The function :func:`int` which always returns zero is just a special case of
constant functions.  A faster and more flexible way to create constant functions
is to use a lambda function which can supply any constant value (not just
zero)::

   >>> def constant_factory(value):
   ...     return lambda: value
   >>> d = defaultdict(constant_factory('<missing>'))
   >>> d.update(name='John', action='ran')
   >>> '%(name)s %(action)s to %(object)s' % d
   'John ran to <missing>'

Setting the :attr:`default_factory` to :class:`set` makes the
:class:`defaultdict` useful for building a dictionary of sets::

   >>> s = [('red', 1), ('blue', 2), ('red', 3), ('blue', 4), ('red', 1), ('blue', 4)]
   >>> d = defaultdict(set)
   >>> for k, v in s:
   ...     d[k].add(v)
   ...
   >>> d.items()
   [('blue', set([2, 4])), ('red', set([1, 3]))]


.. _named-tuple-factory:

:func:`NamedTuple` datatype factory function
--------------------------------------------


.. function:: NamedTuple(typename, fieldnames)

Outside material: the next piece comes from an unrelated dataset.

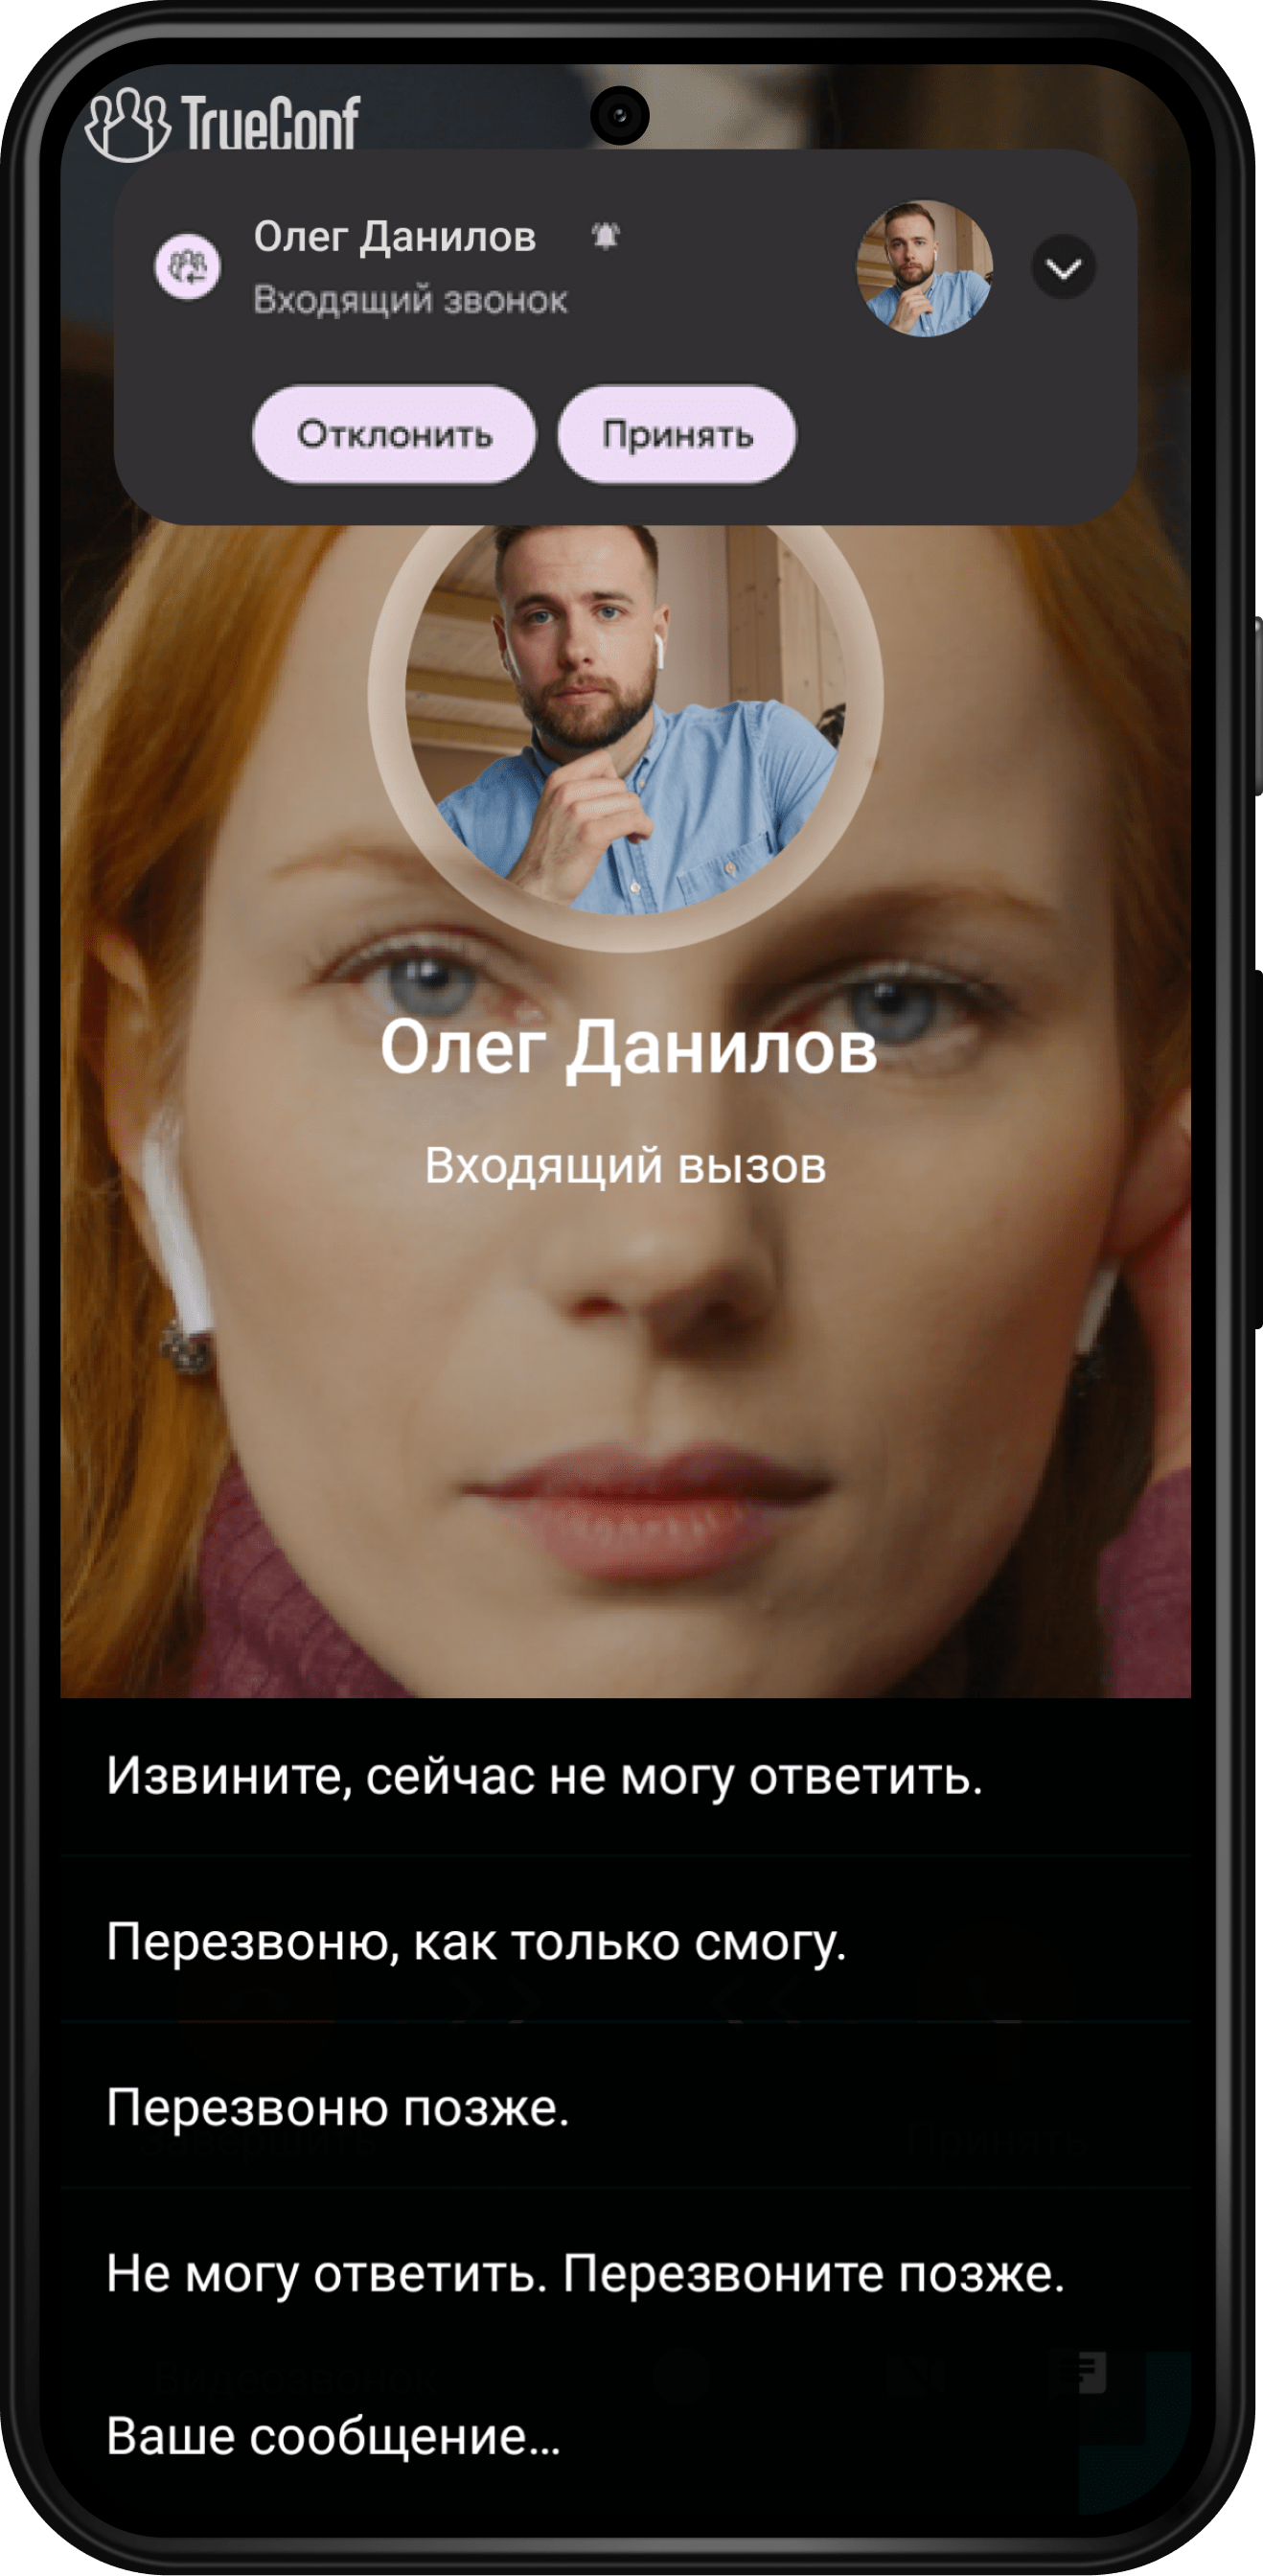 TrueConf 2.0 для Android: видеосвязь и мессенджер в одном приложении 37

   Returns a new tuple subclass named *typename*.  The new subclass is used to
   create tuple-like objects that have fields accessable by attribute lookup as
   well as being indexable and iterable.  Instances of the subclass also have a
   helpful docstring (with typename and fieldnames) and a helpful :meth:`__repr__`
   method which lists the tuple contents in a ``name=value`` format.

   .. versionadded:: 2.6

   The *fieldnames* are specified in a single string and are separated by spaces.
   Any valid Python identifier may be used for a field name.

   Example::

      >>> Point = NamedTuple('Point', 'x y')
      >>> Point.__doc__           # docstring for the new datatype
      'Point(x, y)'
      >>> p = Point(11, y=22)     # instantiate with positional or keyword arguments
      >>> p[0] + p[1]             # works just like the tuple (11, 22)
      33
      >>> x, y = p                # unpacks just like a tuple
      >>> x, y
      (11, 22)
      >>> p.x + p.y               # fields also accessable by name
      33
      >>> p                       # readable __repr__ with name=value style
      Point(x=11, y=22)  

   The use cases are the same as those for tuples.  The named factories assign
   meaning to each tuple position and allow for more readable, self-documenting
   code.  Named tuples can also be used to assign field names  to tuples returned
   by the :mod:`csv` or :mod:`sqlite3` modules. For example::

      from itertools import starmap
      import csv
      EmployeeRecord = NamedTuple('EmployeeRecord', 'name age title department paygrade')
      for record in starmap(EmployeeRecord, csv.reader(open("employees.csv", "rb"))):
          print record

   To cast an individual record stored as :class:`list`, :class:`tuple`, or some
   other iterable type, use the star-operator [#]_ to unpack the values::

      >>> Color = NamedTuple('Color', 'name code')
      >>> m = dict(red=1, green=2, blue=3)
      >>> print Color(*m.popitem())
      Color(name='blue', code=3)

.. rubric:: Footnotes

.. [#] For information on the star-operator see
   :ref:`tut-unpacking-arguments` and :ref:`calls`.